FRE 404(b) and Trade Secrets Disputes: To Admit or Deny?


2 minute read | November.19.2020

In a recent decision, an Eastern District of Texas court conducted an analysis under Federal Rule of Evidence Rule 404(b) outside the criminal context to allow evidence of “other acts” in a trade secrets litigation.  The decision appears to be the first application of Rule 404(b) to a trade secrets dispute by a court in the Fifth Circuit.

The case, Resman, LLC v. Karya Property Management, involves the alleged misuse by Defendants of Plaintiff’s property management software.  Defendants sought to preclude the introduction of any evidence of Defendants’ alleged use of other third-party software in the development of Defendants’ competing software, on the basis that such evidence constitutes impermissible character evidence under Rule 404(b) because it would suggest to a jury that because Defendants copied other software, they likely copied Plaintiff’s.
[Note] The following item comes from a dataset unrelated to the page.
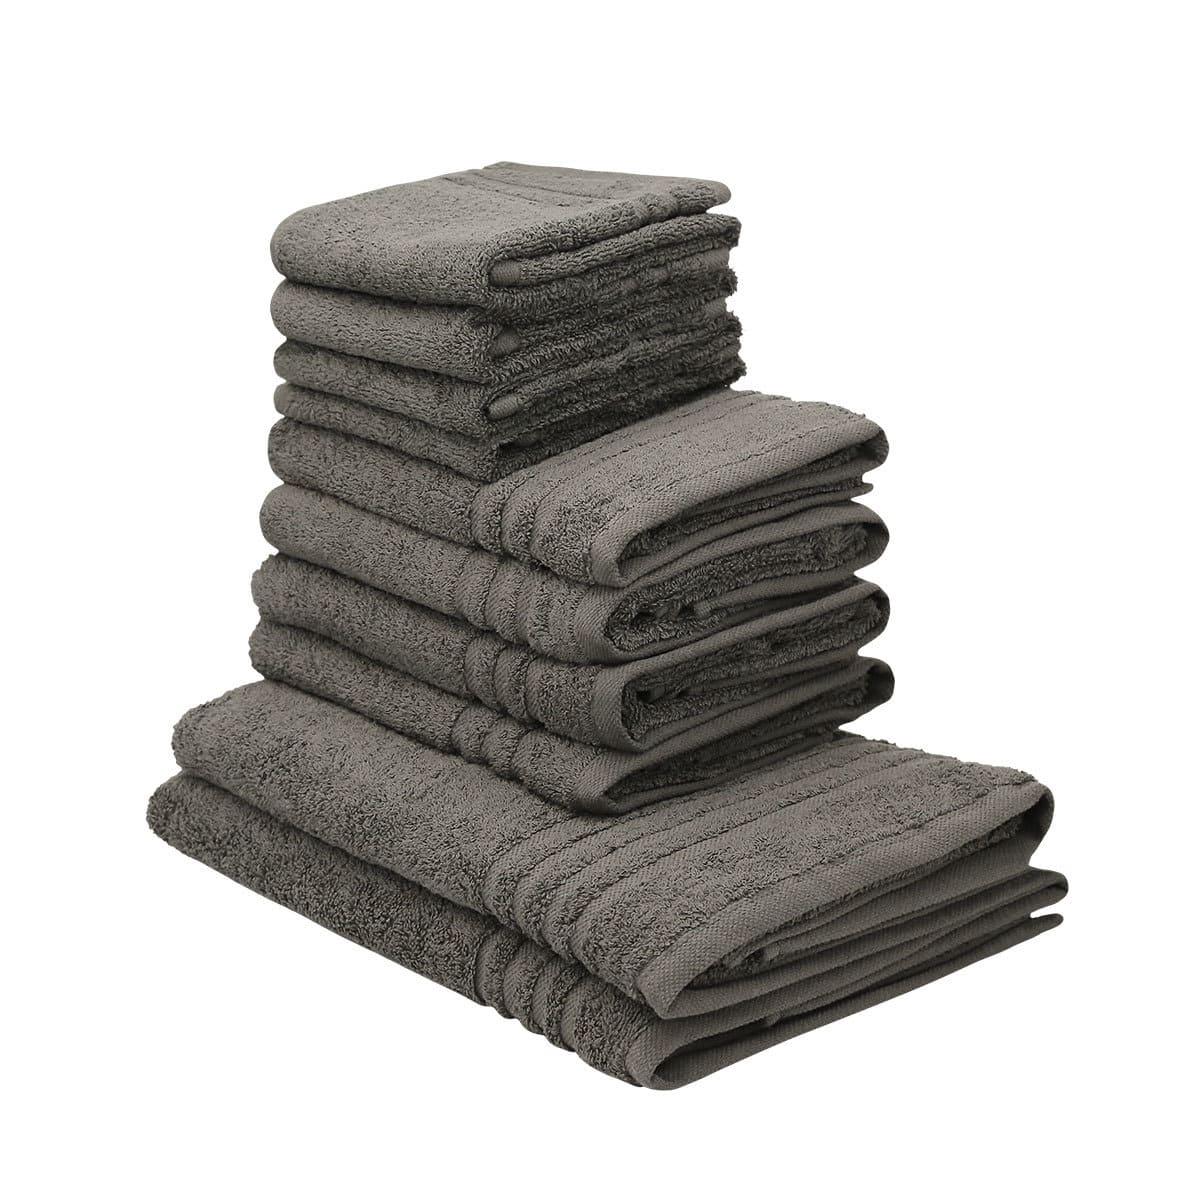 traumschlaf handtuch set monika mit bord re 10 teile g nstig online kaufen bei bettwaren shop. Black Bedroom Furniture Sets. Home Design Ideas

Federal Rule of Evidence 404(b) prohibits the admission of evidence of “a crime, wrong, or other act” to prove a person’s character to show that the person acted in accordance with that character on a particular occasion.  The court acknowledged that Rule 404(b) generally is limited to the criminal law context but pointed to Fifth Circuit precedent applying the rule in the civil setting and analyzed the parties’ opposing arguments “via this borrowed lens.”

Applying the analysis typically used in criminal cases, the court noted that it resolves admissibility of “other acts” by first determining whether the evidence is “intrinsic or extrinsic to the cause of action.” “Other acts” are “intrinsic”—and thus do not implicate Rule 404(b)—when the evidence of the other act and the evidence of the alleged cause of action are “inextricably intertwined or both acts are part of a single criminal episode.”

Here, the court agreed with Plaintiff that the evidence of Defendants’ “other acts” was intrinsic because it simultaneously evidenced Defendant’s alleged misuse of Plaintiff’s software and Defendant’s use of software belonging to third parties (e.g., a single email in which Defendant received portions both parties’ software).  Accordingly, the court agreed with Plaintiff that the acts were “inexplicably intertwined and of the same episode.”  The court concluded that “[w]ithin 404(b)’s framework, this evidence is intrinsic and helps to ‘paint the picture’ of Defendant’s actions,” and “[p]rohibiting Plaintiffs from using the evidence would result in the jury receiving an incomplete story due to the entanglement” between the other software and Plaintiffs’ software.  The court further denied Defendants’ motion to exclude under FRE 403.

While Rule 404(b) has not been widely used in this manner, trade secrets litigants should consider the role of evidence of “other acts.”  Trade secrets plaintiffs will want to discover and seek to admit such evidence “to complete the story,” while trade secrets defendants will want to preclude the use of any evidence of “other acts.”